We have had a bad start to our aquarium adventures so I'm shouting out for a bit of advice. As a brief history we got a fish tank, let it settle, checked the water and all was well. Got two gold fish but one died very soon after (i think it was a baddun from the shop as they soon replaced it) Water was still fine at this point and both fish happy. Did a water change, all still good. On second water change (btw water changes were done weekly) the tanks Nitrate/Nitrite levels shot up. So much so that one fish committed harry carry by leaping out of the tank to his doom behind the drawers the tank sits on. The remaining fish began to get fin rot and fungus (cotton wool type) and even though we tried very closely timed water changes (daily) the fish unfortunately died and the tank continued to have a high level of nitrates/nitrites (not sure of the difference) 

My daughter has been feeding her fish with care, making sure not to over feed and that within the space of 5 mins there was no food left. Unfortunately though it was too little too late.
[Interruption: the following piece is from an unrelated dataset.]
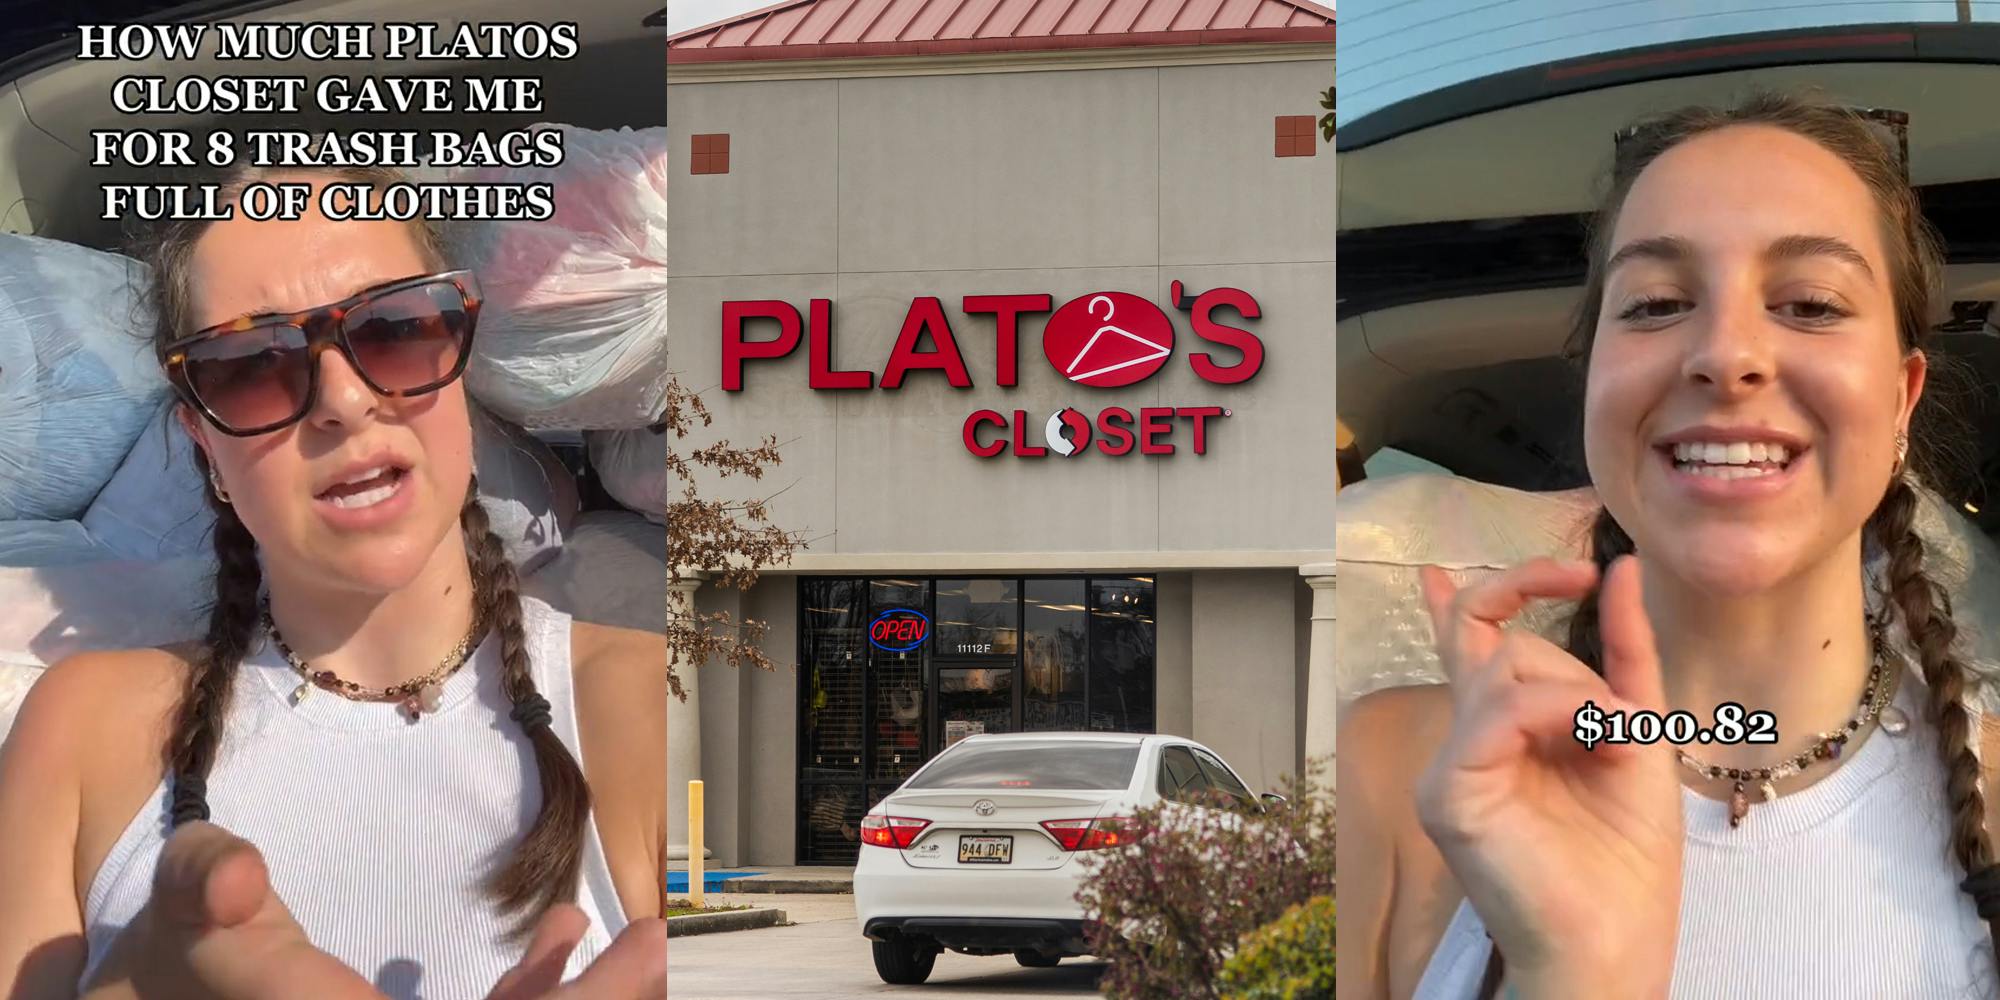 Plato's Closet customer speaking with caption "HOW MUCH PLATOS CLOSET GAVE ME FOR 8 TRASH BAGS FULL OF CLOTHES" (l) Plato's Closet building with sign (c) Plato's Closet customer speaking with caption "$100.82" (r)

On the day before the fish died I did try to introduce a nitrate reducing liquid into the tank but the bottle stated that this would take effect over the course of a week and unfortunately the fish didnt last that long.
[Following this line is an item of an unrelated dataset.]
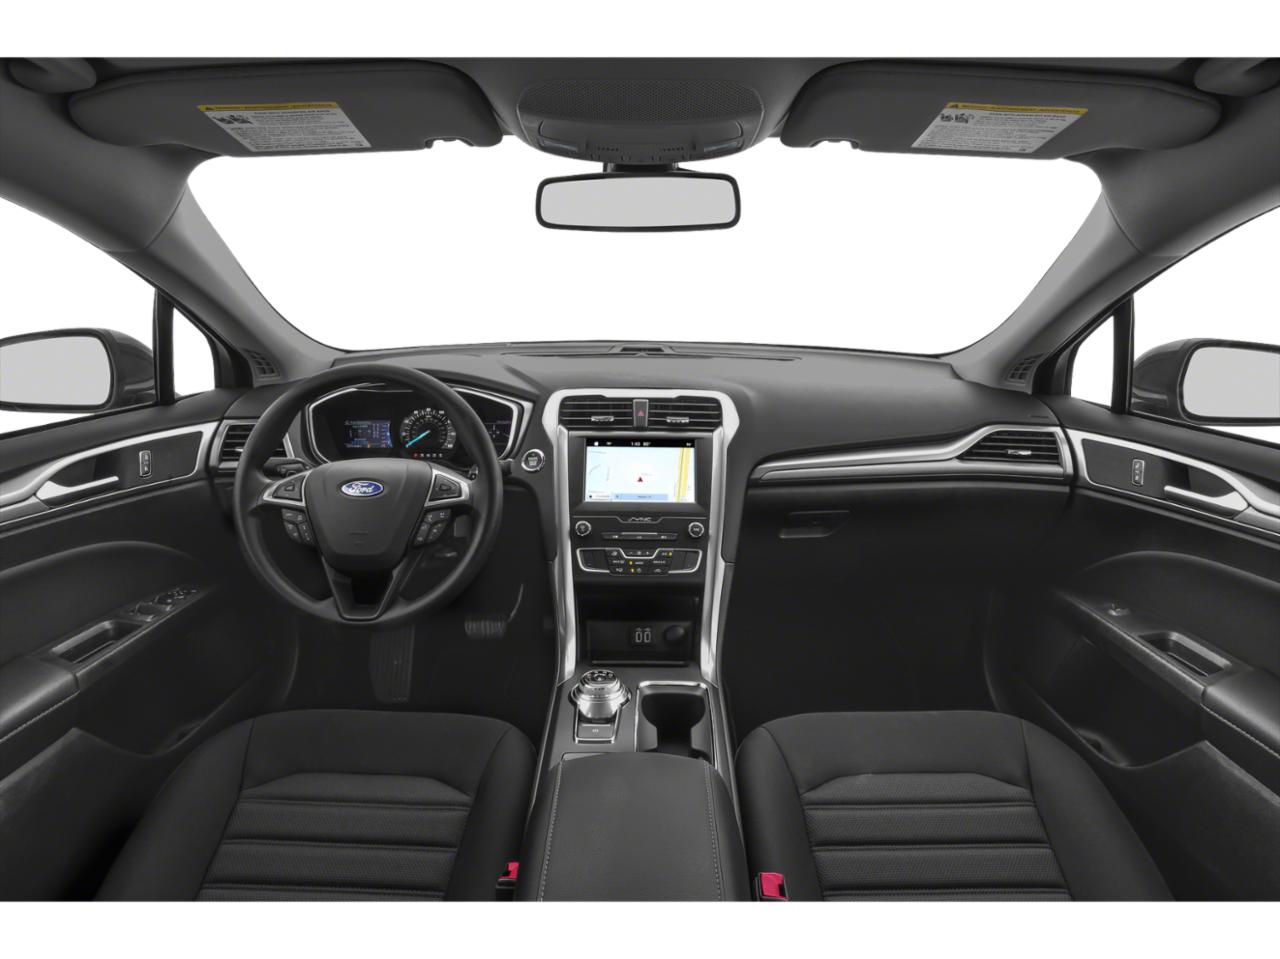 2019 Ford Fusion Vehicle Photo in Jacksonville, FL 32244

So in summation here are a few things on my mind:

1.)Does the tank need to be cleaned and started a fresh?
2.)What could have caused the levels of Nitrate/Nitrite to stay so high even when we had been doing 20% water changes on a 24ltre tank
3.)Can you have two fish in a 24litre tank?
4.)Can I add both Nitrate/nitrite reduce into a tank aswell as finrot/fungal aid?

and finally

5.)Is there anything more or less that I could have done?
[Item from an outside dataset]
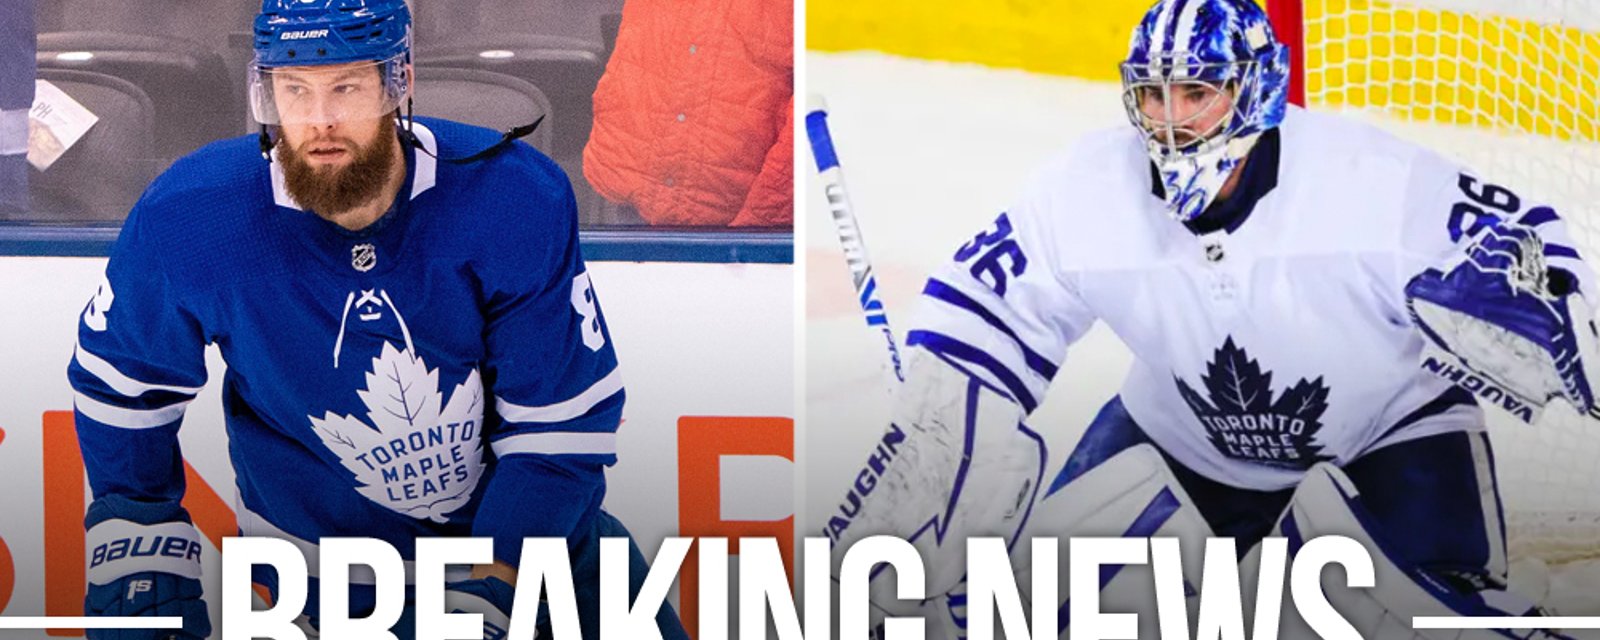 With playoffs clinched, Leafs scratch a number of veterans for tonight's game against Canucks

Thanks for taking the time to read such a long post but I would love to get the tank and my daughters feelings back on a high again.

regards

Sam


----------



## Crazy (Mar 1, 2012)

Well, I have a few things
1. Although goldfish seem to be a good fish to start with, I don't recommend them. They are very dirty fish that create unfathomable amounts of waste. Due to this they require very large tanks for their size.
2. Did you properly cycle the tank? A proper cycle can take as much as 6 weeks to complete to grow the bacterial that break down the harmful chemicals. If you look around on this forum you can find it posted as a sticky.
3. The chemicals designed to remove or neutralize the ammonia/nitrites very seldom if ever works. Your best chance lies with a well cycled tank and and good PWC's.
4. I don't know where you get your fish at buy try to avoid places like petco or petsmart because the fish come from low breeding quility and even lower methods of care. Although it can be a bit more expensive I recommend finding a 'mom and pop' fish shop. They usually are the best route for quality fish.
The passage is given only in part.